Can you elaborate? I've been using it for years and it mostly does what I want. It's an ORM and obviously sometimes generates unefficient queries I need to manually amend/refactor but otherwise I don't see any major issues with it?
In contrast I've looked at SQLAlchemy with Flask and I couldn't even wrap my head around declaring models (which inherit from the DB connection object if I remember correctly, so potential for circular imports) and manually managing transactions/sessions seems unnecessarily complex.
Comparing Django vs SQLAlchemy, Django's weakest point is its extremely static ORM syntax. The double underscore separation (e.g. user__group__name__icontains) for query parameters is likely my biggest pet peeve as it requires me to unroll unchecked strings together into a big garbled mess. I would have much appreciated being able to use more code-verbose query tools; the moment you have to go into building more dynamic user-defined query systems, Django's ORM just becomes a hindrance.
I also noticed the second part of the comment: Django does a lot of Python magic in the background through extensive use of reflection and class-level declarations, this hides away the abstractions (again) at the propose benefit of ease of use. And well, it is easy to use. For certain applications.
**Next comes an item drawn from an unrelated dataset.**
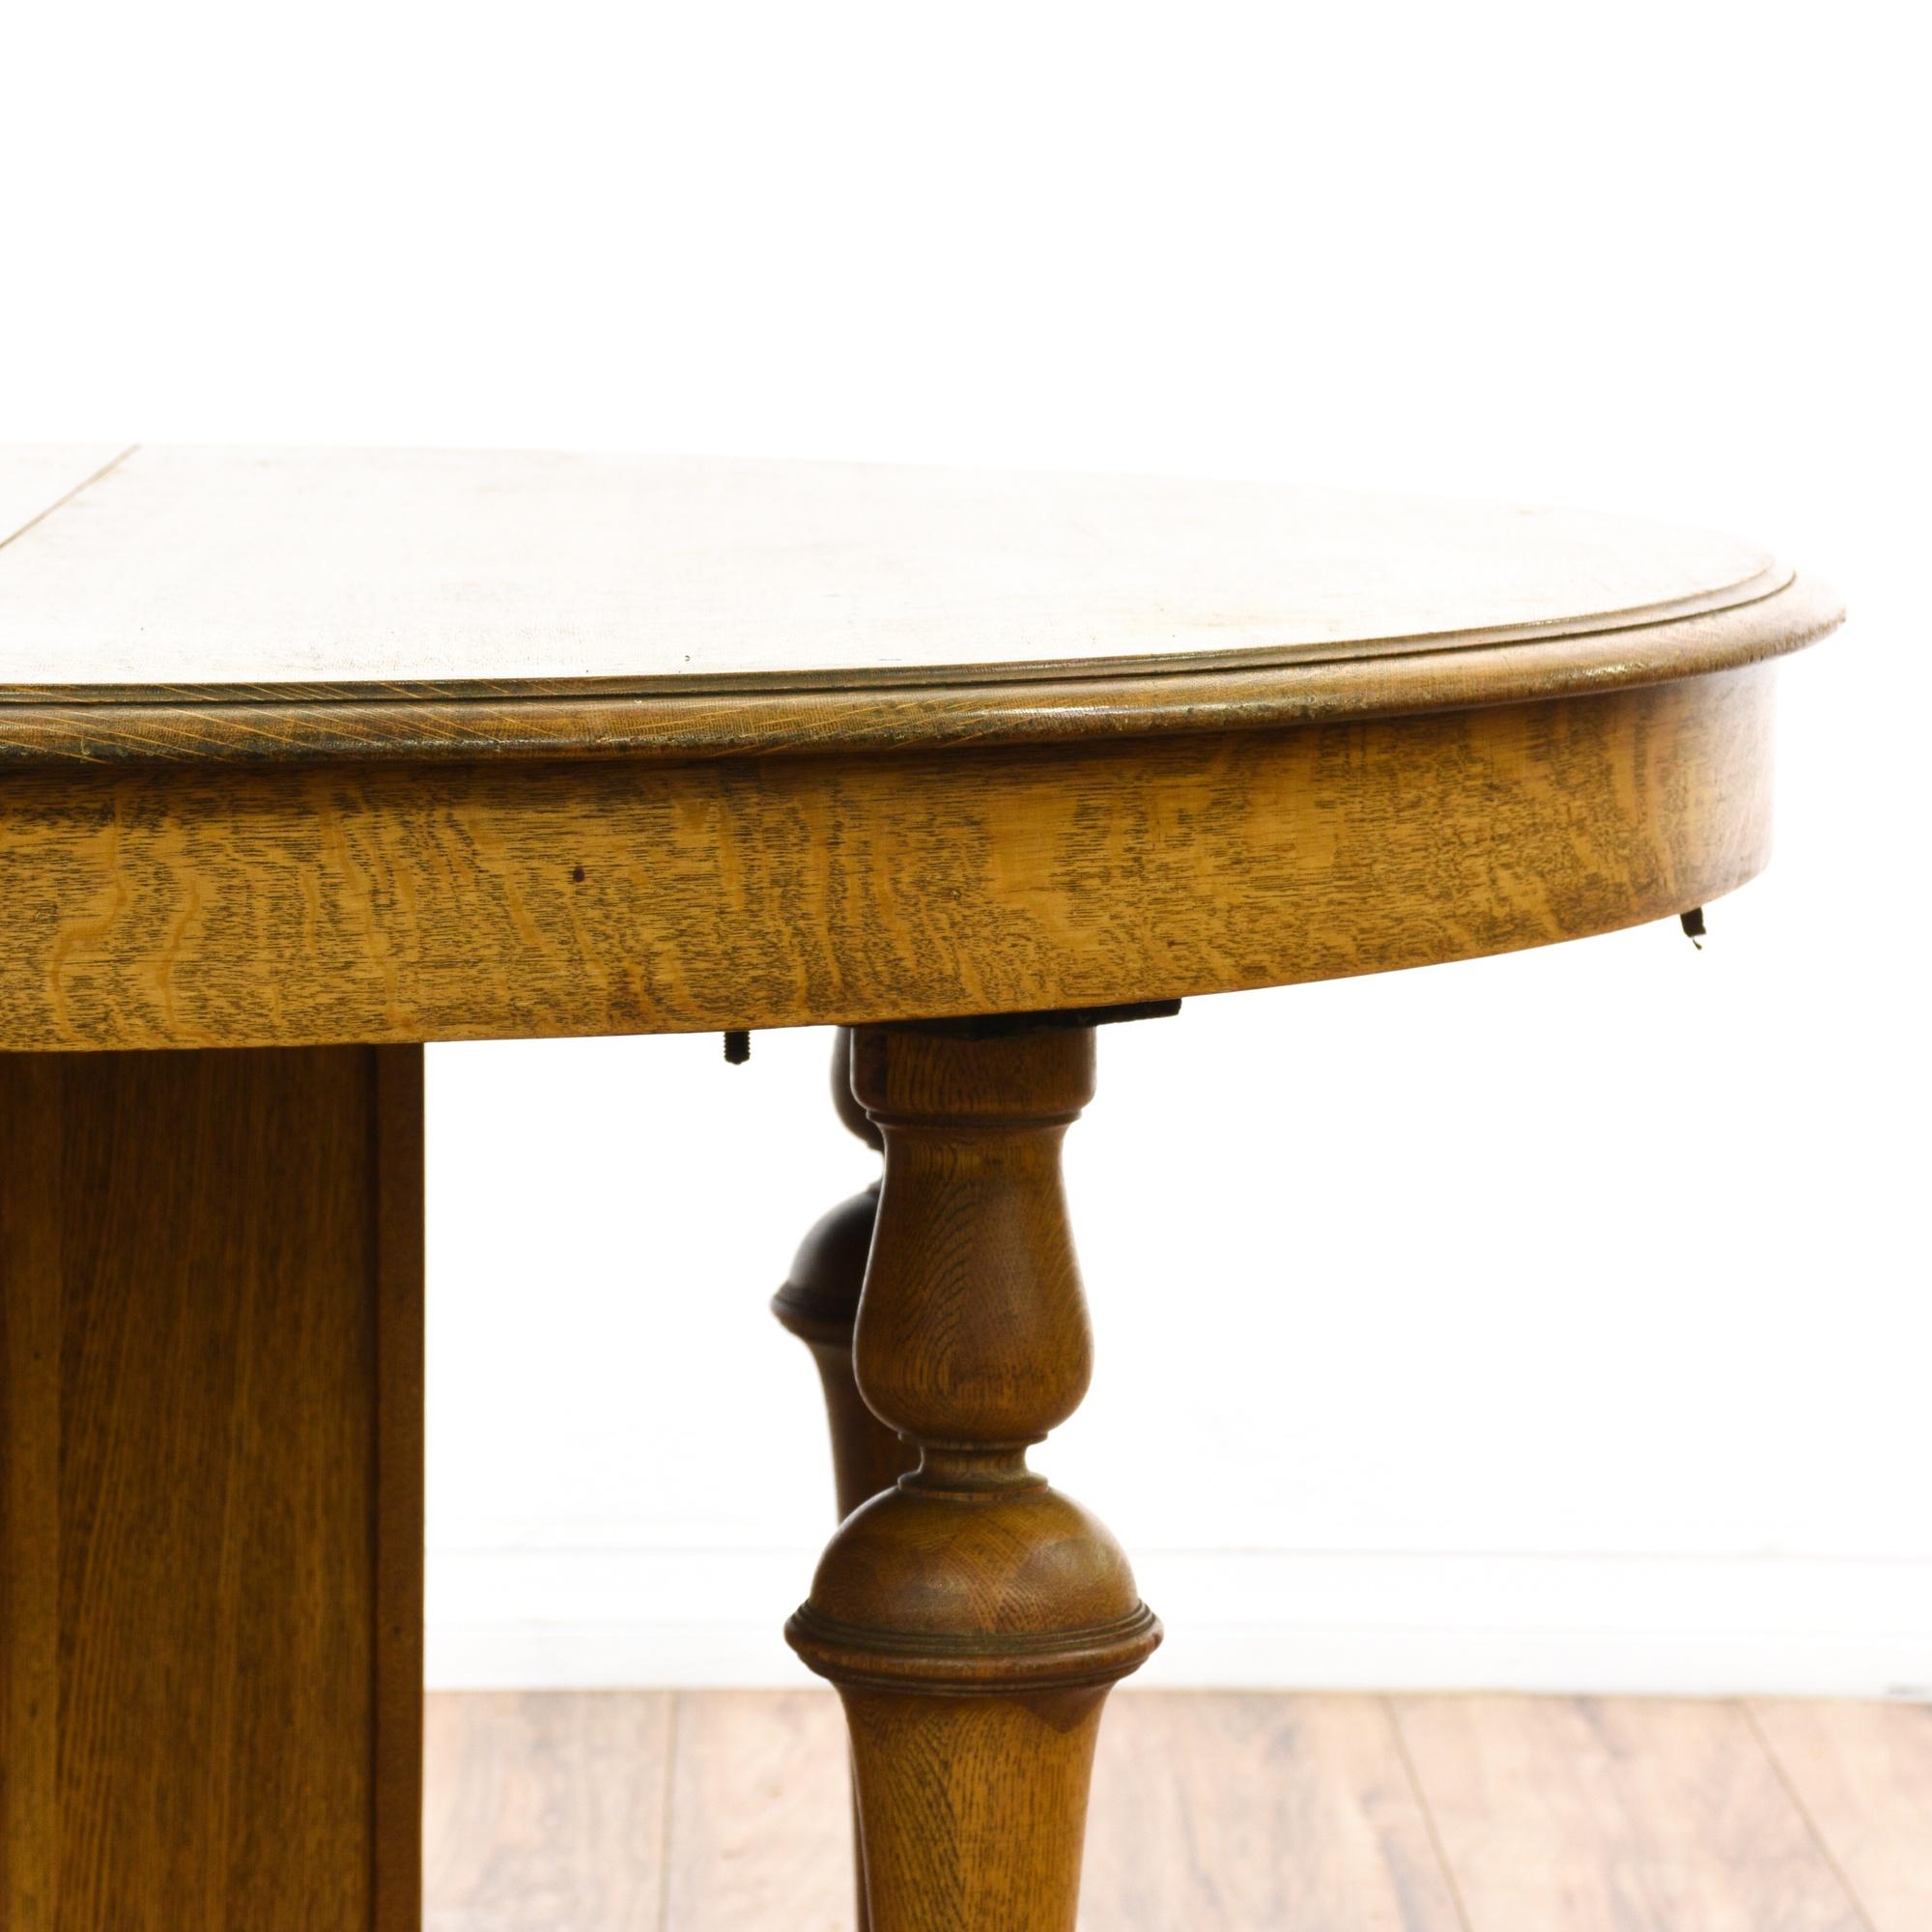 Round Turned Quarter Sawn Oak Dining Table Loveseat  : convertw2000amph2000ampfitcropamprotateexif from www.loveseat.com size 2000 x 2000 jpeg 249kB

I just personally found a lot of footguns trying to work with more advanced Postgres functionality (mainly around JSON) and it took a while to write my own abstractions atop the Django ORM to get to a comfortable level.
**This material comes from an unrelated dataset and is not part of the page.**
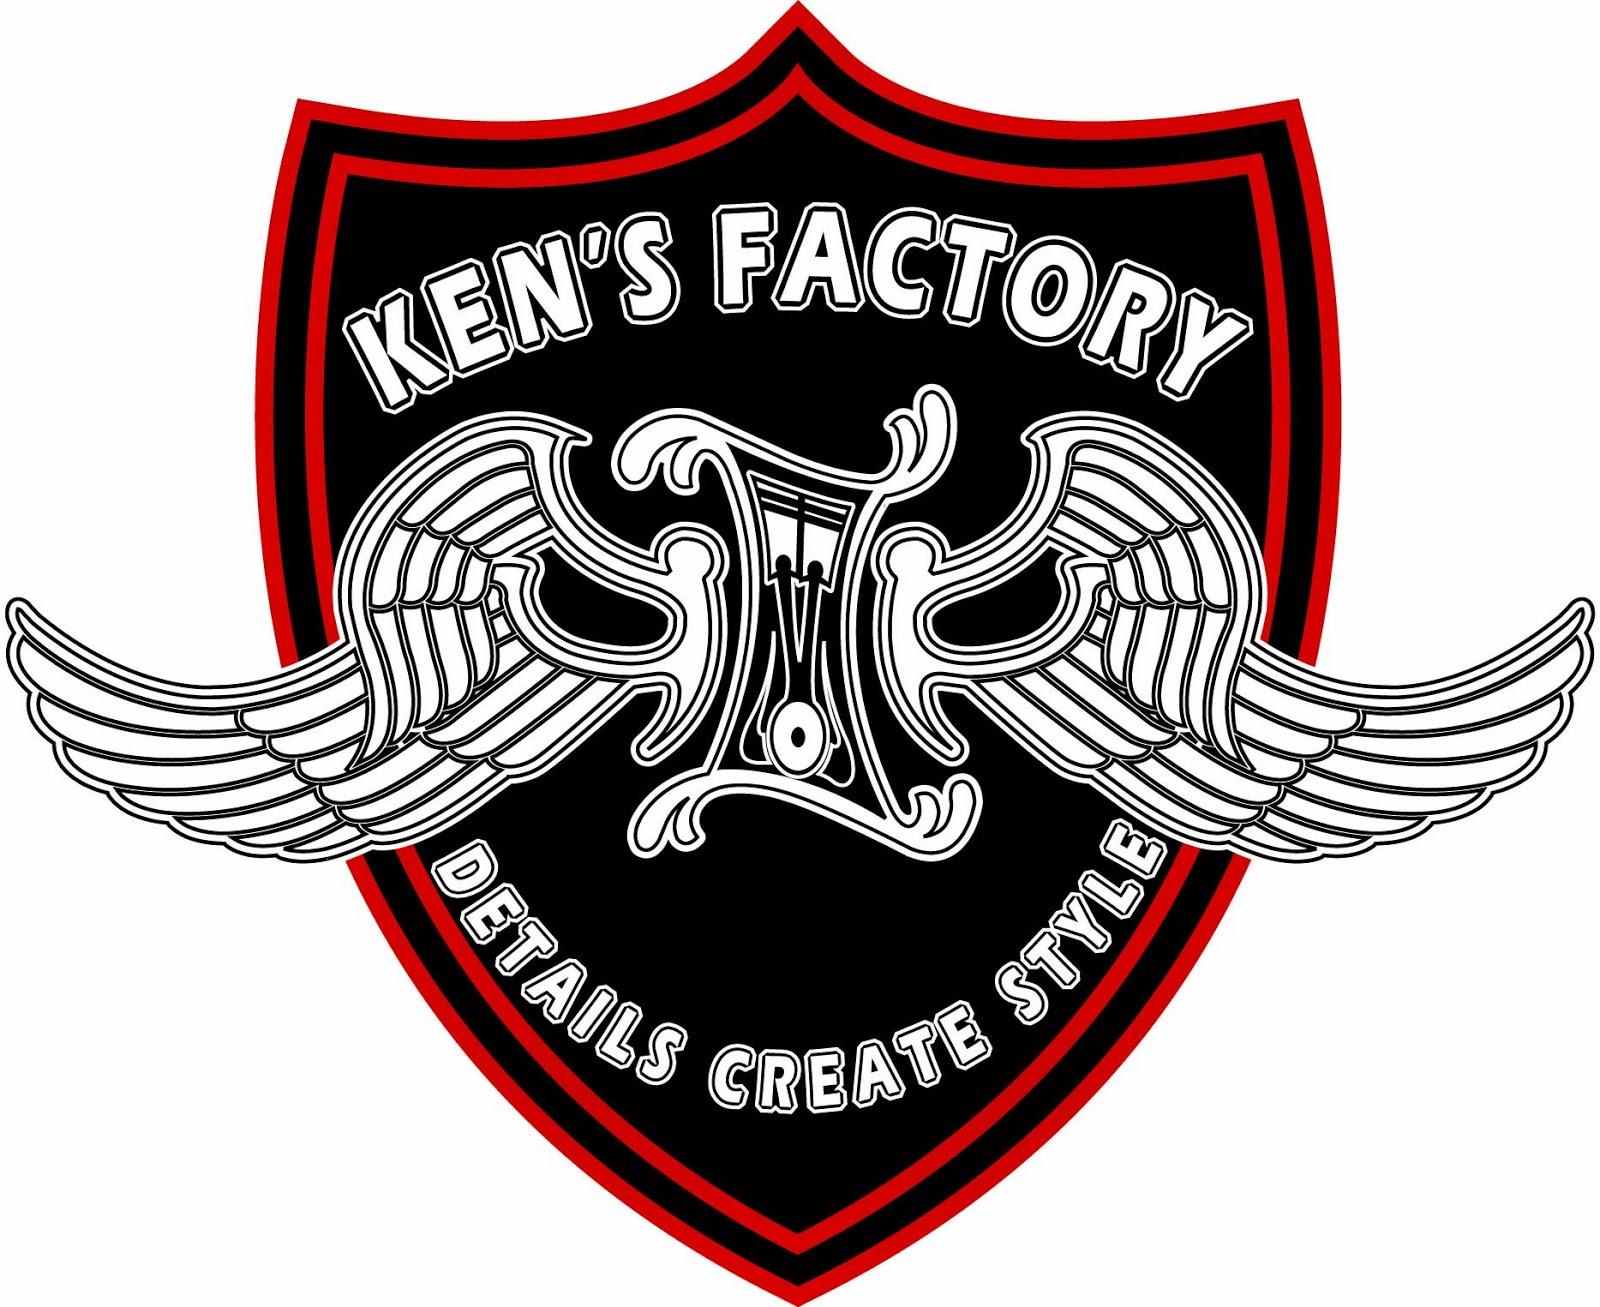 http://kens-factory.shop-pro.jp/

The inability to batch network calls in a single unit of work makes the ORM needlessly slow. That's also one of the main advantages to managing transactions/session yourself. It can save a huge number of round trips in a complex view.
The Django ORM itself is also slow at generating SQL. Recently I was bemused by a query, which took 500us to actually be generated. This wasn't doing anything particular wild, it just had a `select_related` call to an object that had about 50 fields (not great DB design, but beyond my control). The query actually took longer to build than it did to run.
That itself wouldn't be an issue if you could LRU cache the SQL query itself. But you can't, it's Django.